For a moment, nothing happened.

Then a small, bright spark jumped between their hands.

Just a flicker of light, gentle, warm, unmistakably magic.

The fire didn’t react.
But the wolves did.

A ripple went through the circle.

Some people gasped softly.
Some whispered prayers.
Some simply watched with eyes wide and shining.

Hope.
Fear.
Reverence.

Maren murmured, “Bloodlines do not lie.”

Caelum’s expression softened, sorrow and wonder blending into something new.

Levi froze beside me.

Not in fear, in recognition.

He leaned close, his voice low. “They’re reacting to the island. Not just the magic. The land itself.”

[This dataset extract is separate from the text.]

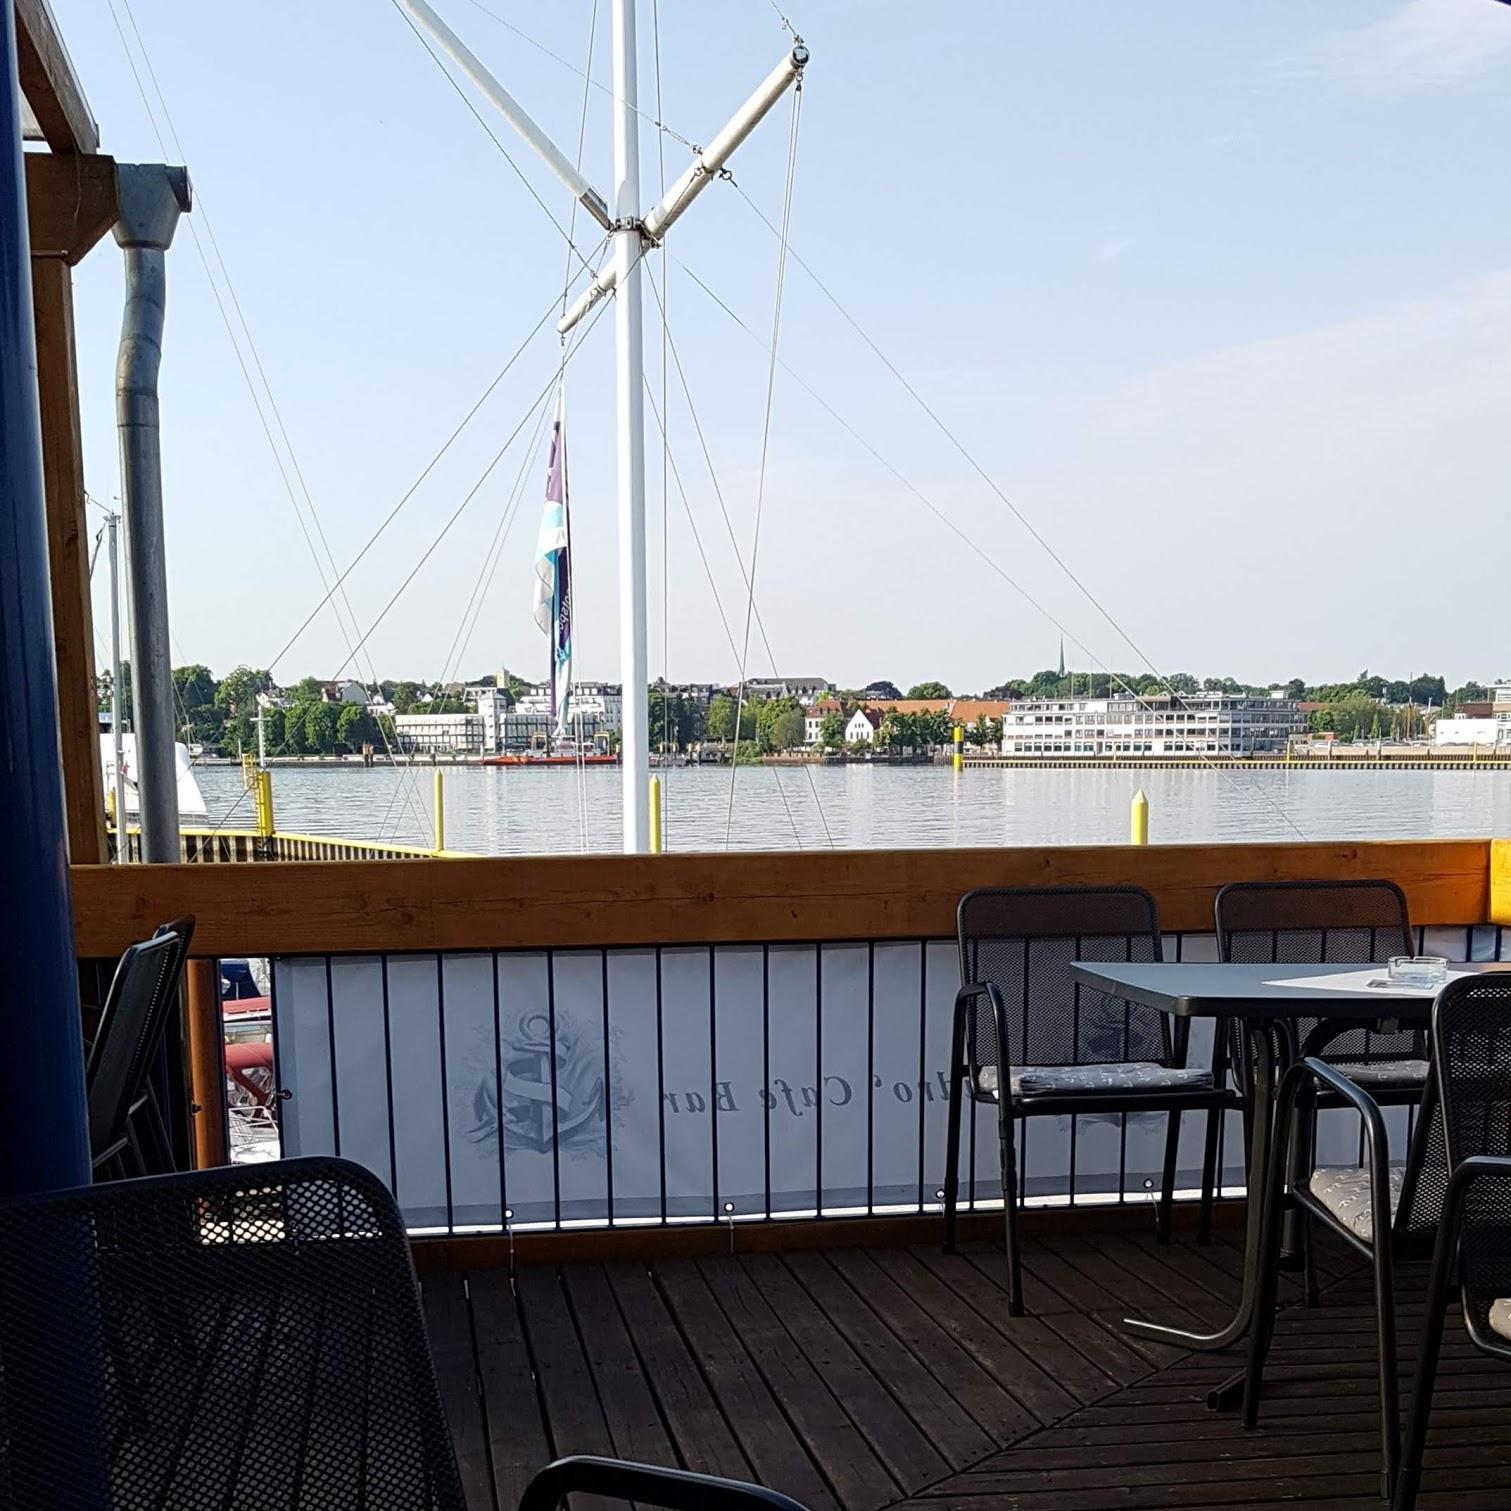 Restaurant "Weser Yacht Club" in Lemwerder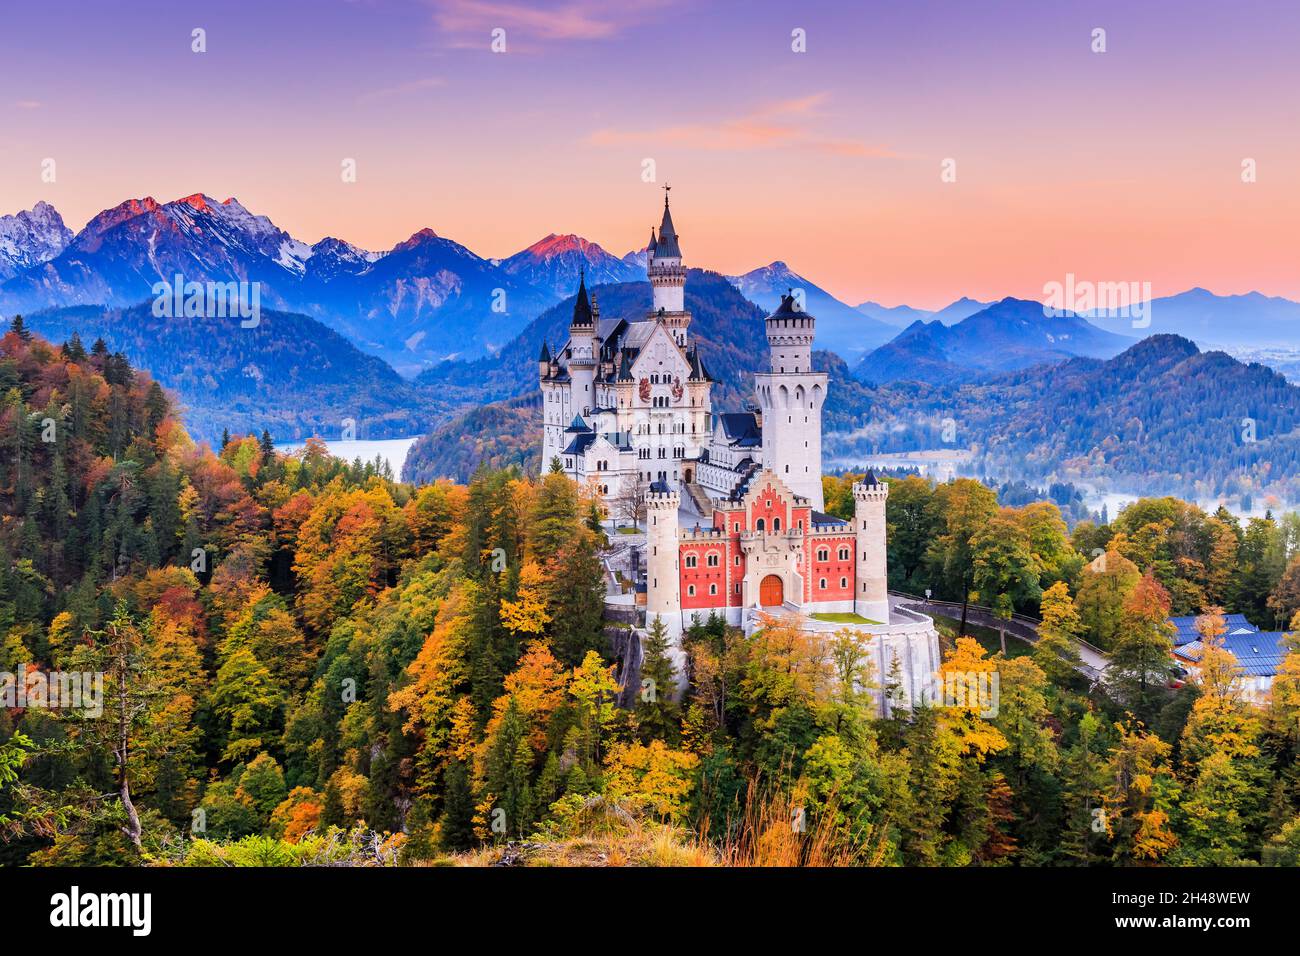 Allemagne, Château de Neuschwanstein.Vue sur le château et les Alpes bavaroises au lever du soleil pendant la saison d'automne. Banque D'Images

I looked at him. “Is that good?”

His gaze flicked to the elders, then back to the twins, then to me.

“It means they’re tied to this place. To what my mother carried. To what you carry.”

My pulse stuttered.

The twins giggled, delighted by their spark.

Soren tried to recreate it. Nothing happened. He looked mildly betrayed.

The adults laughed: a soft, warm sound that rolled around the fire. Someone handed the kids fruit pieces. Someone else told Soren not to take it personally.

The pack relaxed. The doubt was gone, but wonder remained.

Levi’s hand slid over mine slowly, deliberately.

“Thank you,” he whispered.

“For what?” I asked, breath catching.

“For giving them this. For letting them be seen.”

He wasn’t looking at the fire anymore.
He wasn’t looking at the twins.
He was looking at me.

And in his eyes was something heavier than gratitude... something that felt like trust trying to grow roots.

The night settled around us.
Warm.
Quiet.
Alive.

And for the first time, I realized the island wasn’t just accepting me.

It was watching me.

Waiting…and for the first time, I wasn’t sure if I should run from it or walk toward it.